Barbara Pym (1913-1980)

When, in 1977, The (London) Times Literary Supplement asked noted critics to name the most underrated author of the past 75 years, the only person chosen twice was Barbara Pym. She had started writing in 1936 but found no publisher until 1950, and after attracting critical praise but few buyers for six novels from 1950 to 1961, had been rejected by publishers and forgotten by the public. Her favorite subject—middle-aged spinsters dealing with unrequited love and the small indignities of life in church-centered communities—was hardly attractive to Beats, Postmodernists, or Post-Colonialists.

Yet these very amusing comedies of manners are screens that hide serious questions as absorbing in our time as in hers. Pym has been compared to Jane Austen, and indeed, behind their slyly straight-faced narrative personas, both of them are deeply concerned with snobbery, social power and manipulation, self-deception, and the difficulties of being a woman in their societies.
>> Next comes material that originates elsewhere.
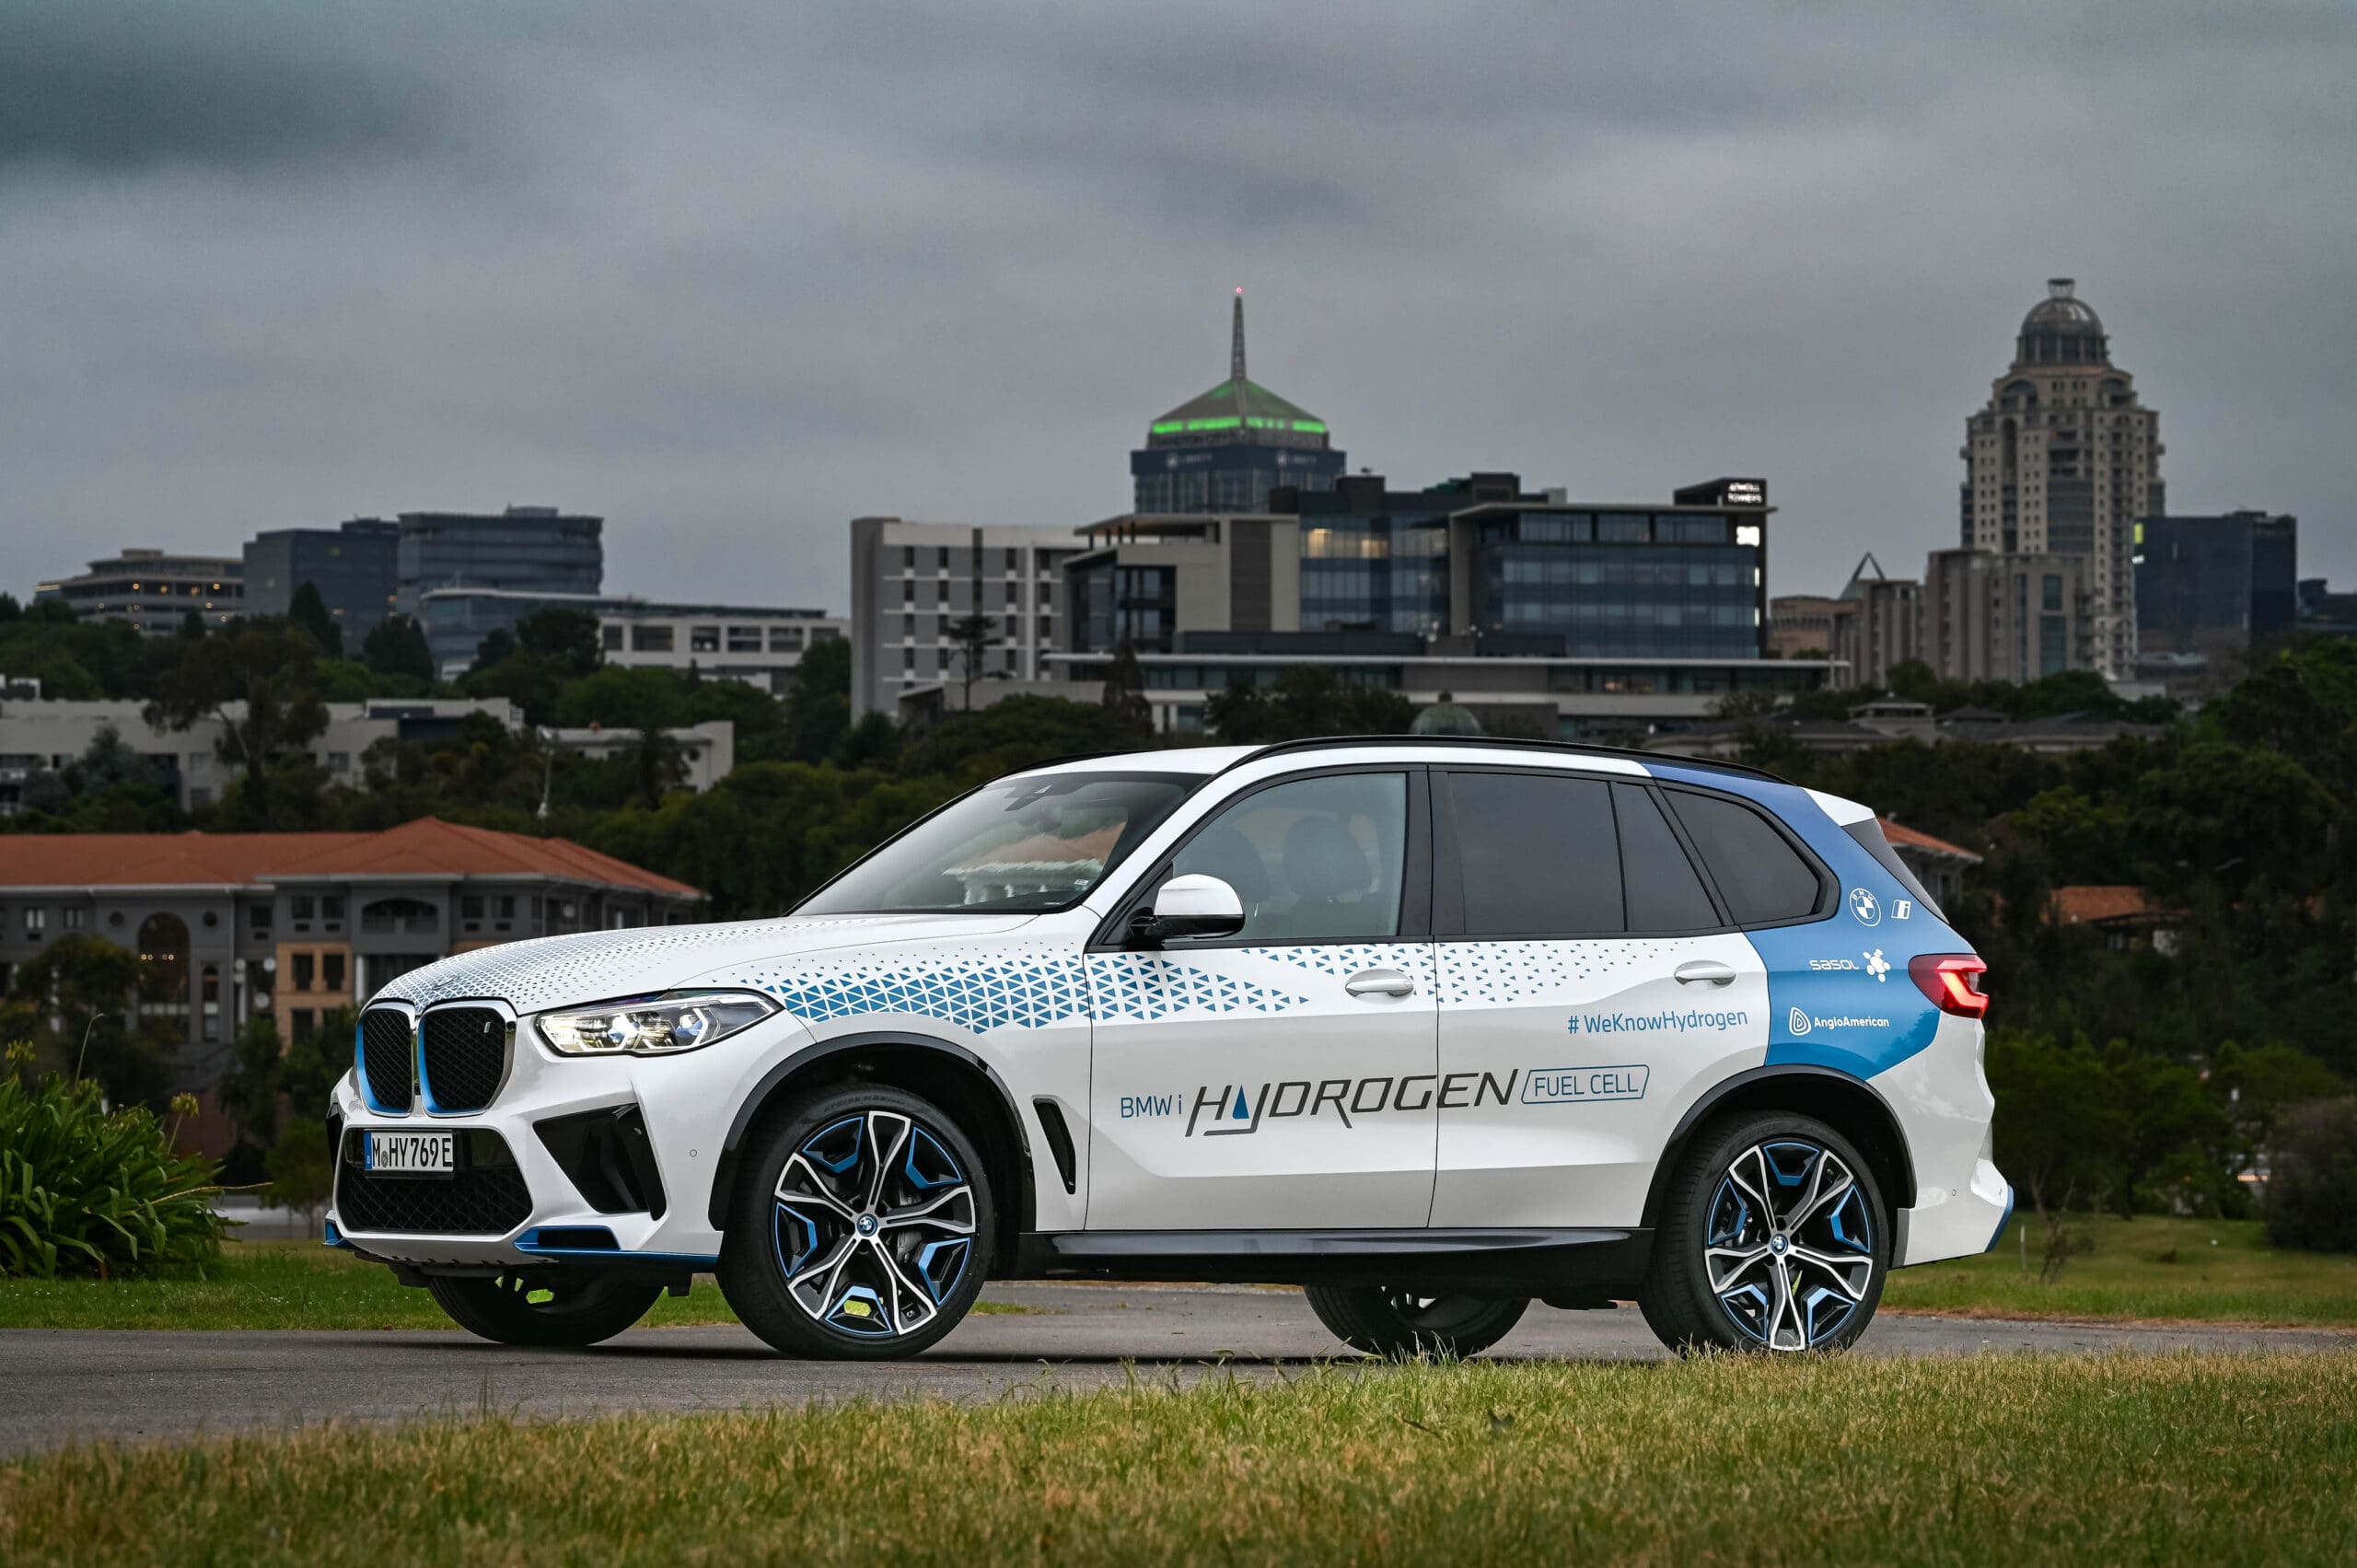 Anglo American Platinum, BMW Group South Africa and Sasol take next step in collaboration with pilot fleet of BMW iX5 Hydrogen fuel cell electric vehicles

But whereas Austen’s young heroines find love and happiness in the end, Pym’s protagonists know better than to expect that much.

Any of Pym’s books will provide a delightful read. The second one she wrote, Crampton Hodnet, though focusing on women, includes what must be one of the earliest versions of the campus story about a middle-aged, married professor and an adoring student. It’s very funny, and rings deeply true. Another of my favorites, Jane and Prudence, gives us Prudence, a beautiful woman getting past marriageable age who has enjoyed many unhappy love-affairs, and Jane, a happily married woman, who is nevertheless a misplaced person. Her husband is a clergyman, and she tries to be a good clergyman’s wife and a good mother, but she’s a scholar of 17th Century poetry cut off from her true work, and she is both absurd and endearing as she gets on with daily life.

Pym’s narratives are a tissue of ridicule—so continuous that it’s hard to extract short quotations to give a taste of her style. One will have to suffice

“He lives with his aunt,” Miss Trapnell explained. “His parents are dead, you see.”

“Oh?” Prudence was curious in spite of herself.

“He is an orphan,” interposed Miss Clothier by way of explanation

The Bellingham Public Library has a fine collection of Pym’s novels. Besides those I’ve named, Excellent Women is a good introduction.